WORK TASK:
The answer must consist solely of the lines below starting at the one containing "native american free wallpaper" and ending at the one containing "Coussin style bohème", repeated exactly, with both ends included and all pictures omitted.

PROVIDED MATERIAL:
####
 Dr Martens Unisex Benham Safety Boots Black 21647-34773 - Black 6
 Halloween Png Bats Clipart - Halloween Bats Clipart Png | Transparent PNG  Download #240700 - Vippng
####
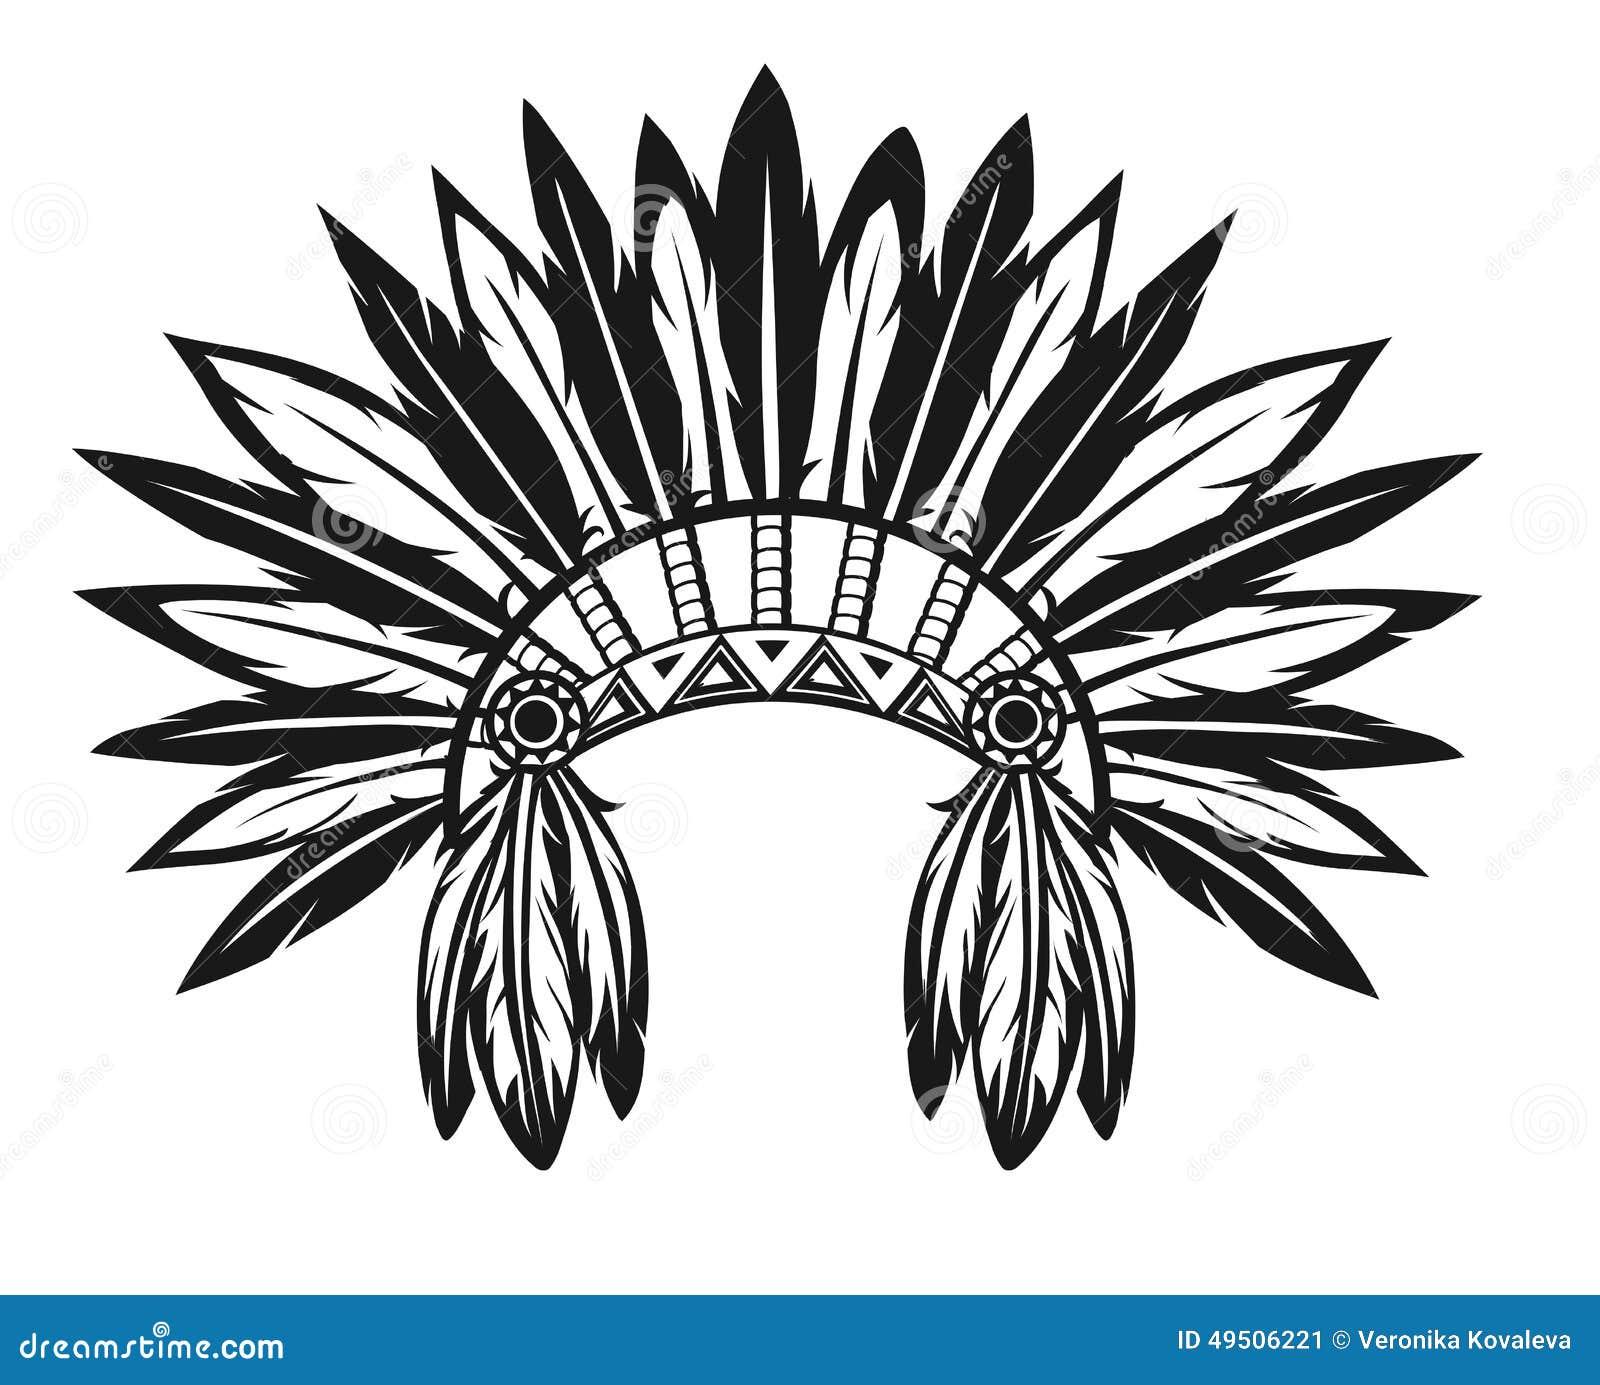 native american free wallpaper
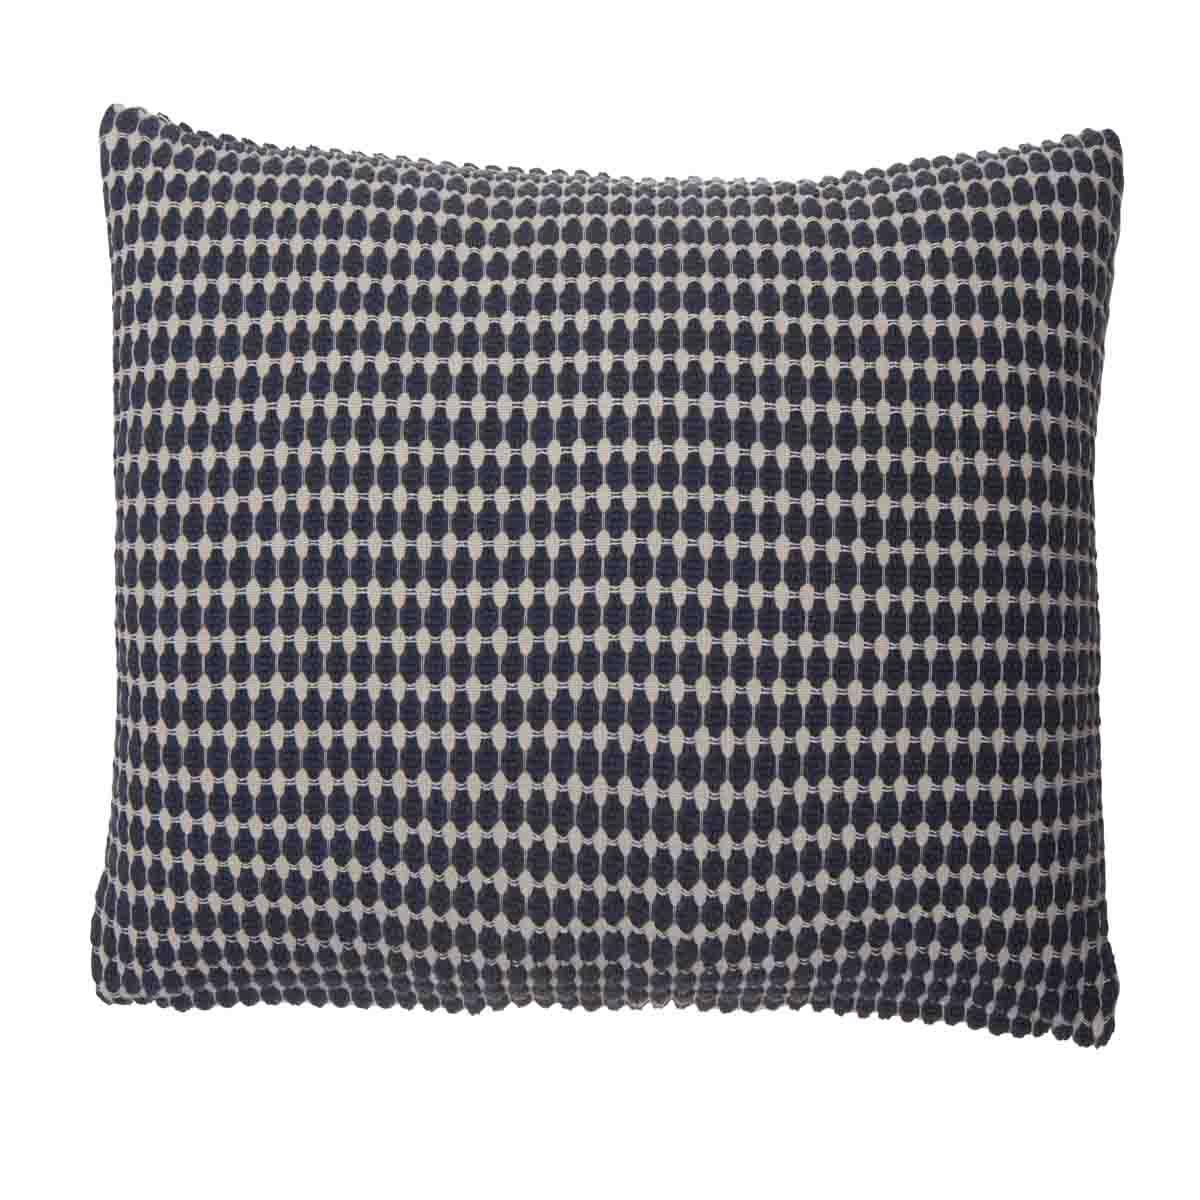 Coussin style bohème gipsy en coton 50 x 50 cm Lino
####
OUTPUT:
 native american free wallpaper
 Coussin style bohème gipsy en coton 50 x 50 cm Lino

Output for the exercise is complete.